Administration of the vasopressors phenylephrine, epinephrine, and norepinephrine failed to increase microcirculatory blood flow in most abdominal organs despite increased perfusion pressure and-in the case of epinephrine and norepinephrine-increased systemic blood flow. In fact, norepinephrine and epinephrine appeared to divert blood flow away from the mesenteric circulation and decrease microcirculatory blood flow in the jejunal mucosa and pancreas. Phenylephrine, on the other hand, appeared to increase blood pressure without affecting quantitative blood flow or distribution of blood flow.

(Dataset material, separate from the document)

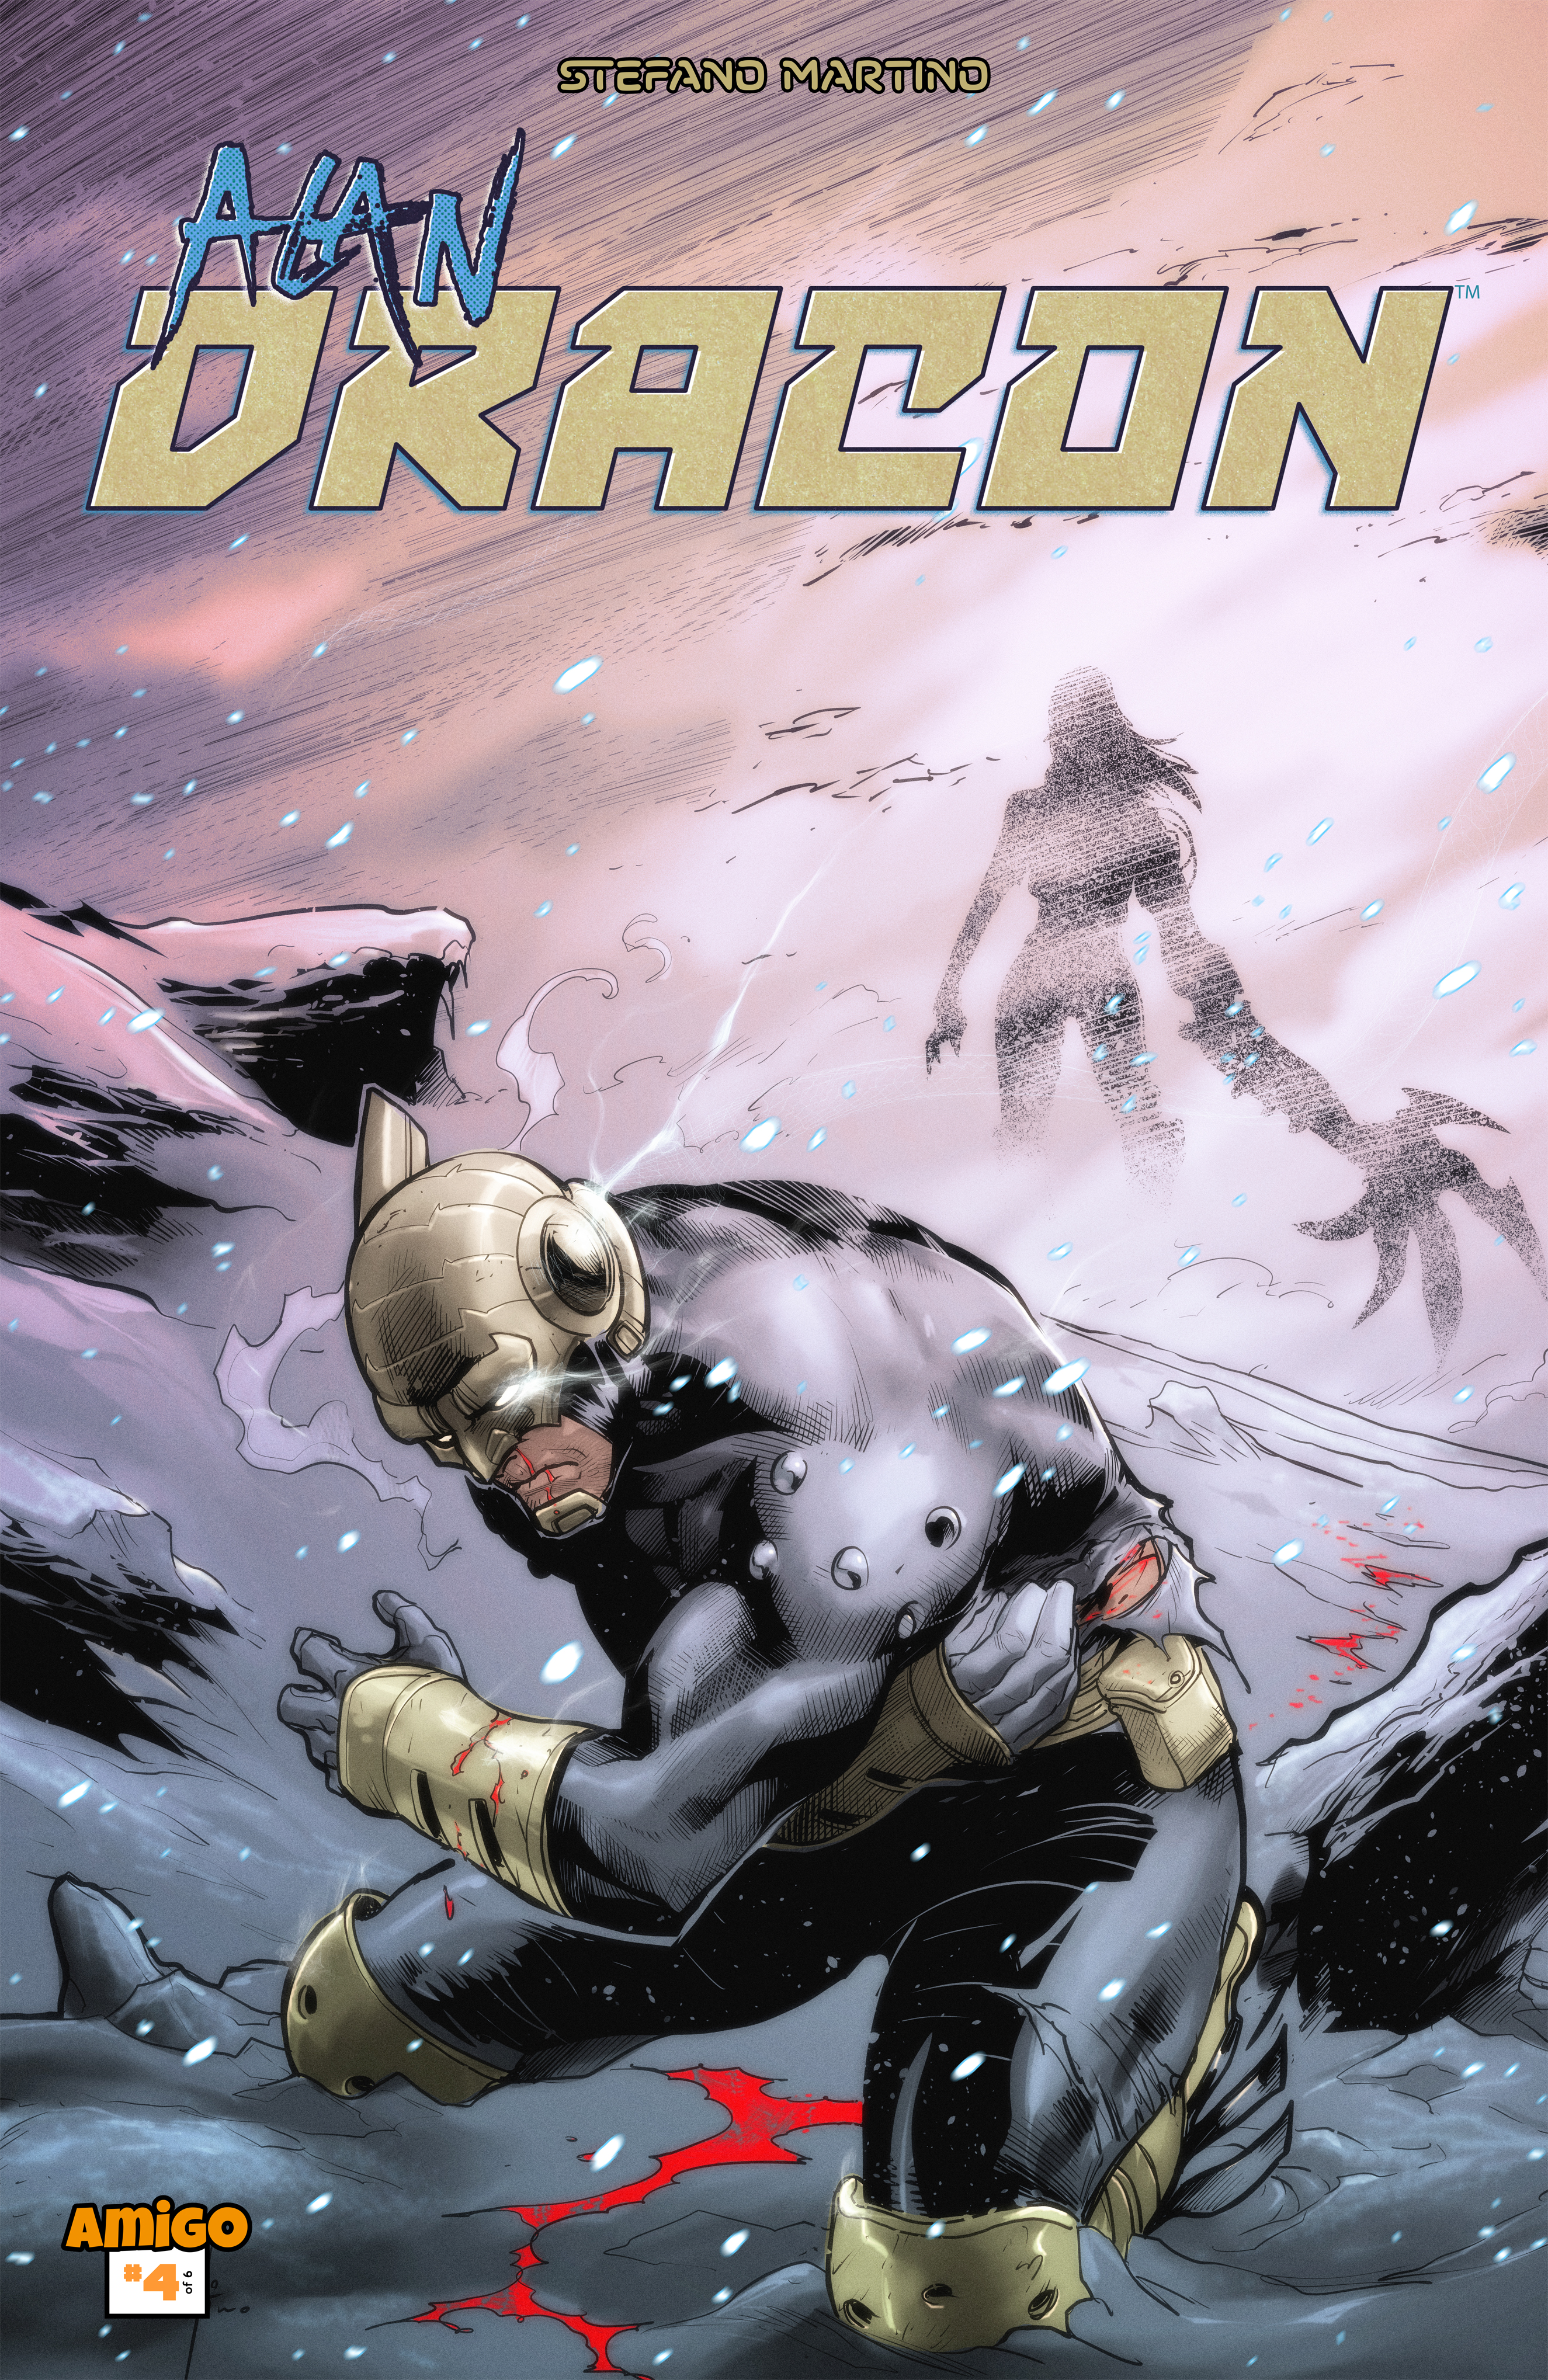 Read online Alan Dracon comic -  Issue #4 - 1
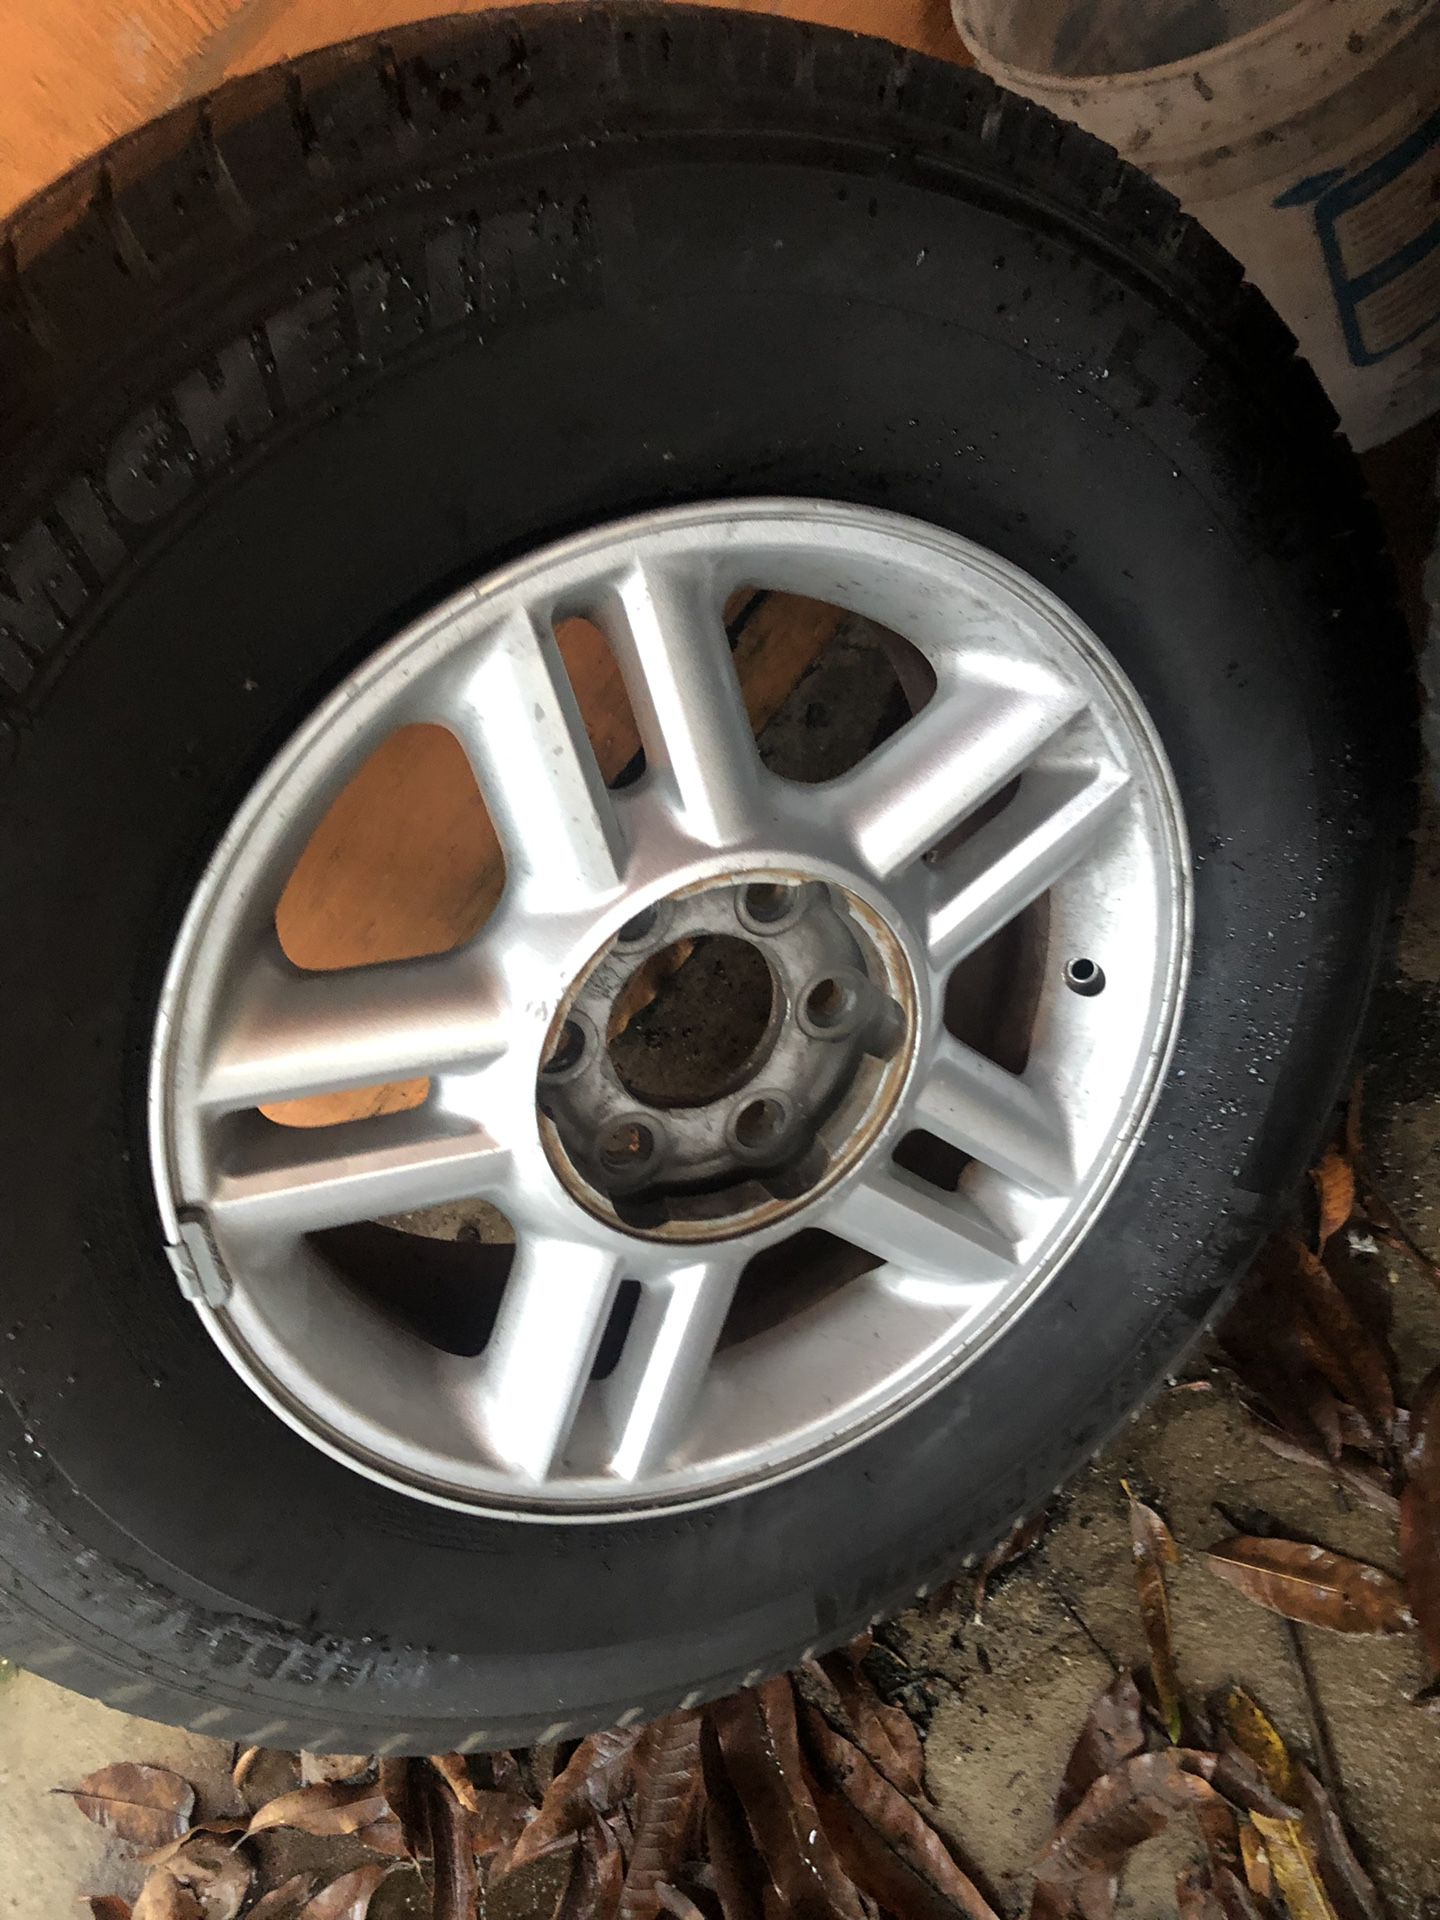 Expedition or f150 tires and rim

在脓毒症中使用血管升压药治疗低血压可能会对胃肠道的微循环血流产生不良影响。本研究的目的是测量临床实践中常用的三种血管升压药对脓毒症时多个腹部器官微循环血流的影响。
随机顺序、交叉设计。
大学实验室。
八只镇静并机械通气的猪。
使猪暴露于粪便性腹膜炎诱导的感染性休克。使用超声渡越时间血流仪测量肠系膜动脉血流。使用多通道激光多普勒血流仪测量胃、空肠和结肠黏膜、空肠肌层、胰腺、肝脏和肾脏的微循环血流。每只动物接受持续静脉输注肾上腺素、去甲肾上腺素和去氧肾上腺素,剂量使平均动脉压升高20%。每种药物输注后让动物恢复60分钟再开始下一种药物输注。
在输注肾上腺素(0.8±0.2微克/千克/小时)期间,平均动脉压从66±5毫米汞柱升至83±5毫米汞柱,心脏指数增加43±9%。去甲肾上腺素(0.7±0.3微克/千克/小时)使平均动脉压从70±4毫米汞柱升至87±5毫米汞柱,心脏指数增加41±8%。两种药物均导致肠系膜上动脉血流显著减少(分别为11±4%,p<0.05;26±6%,p<0.01),空肠黏膜微循环血流显著减少(分别为21±5%,p<0.01;23±3%,p<0.01),胰腺微循环血流也减少(分别为16±3%,p<0.05;8±3%,无显著差异)。输注去氧肾上腺素(3.1±1.0微克/千克/分钟)使平均动脉压从69±5毫米汞柱升至85±6毫米汞柱,但除空肠肌层血流增加30%(p<0.0)外,对全身、局部或微循环血流均无影响。
尽管灌注压升高,且肾上腺素和去甲肾上腺素能增加全身血流,但给予血管升压药去氧肾上腺素、肾上腺素和去甲肾上腺素未能增加大多数腹部器官的微循环血流。事实上,去甲肾上腺素和肾上腺素似乎使血流从肠系膜循环分流,减少空肠黏膜和胰腺的微循环血流。另一方面,去氧肾上腺素似乎能升高血压而不影响血流量或血流分布。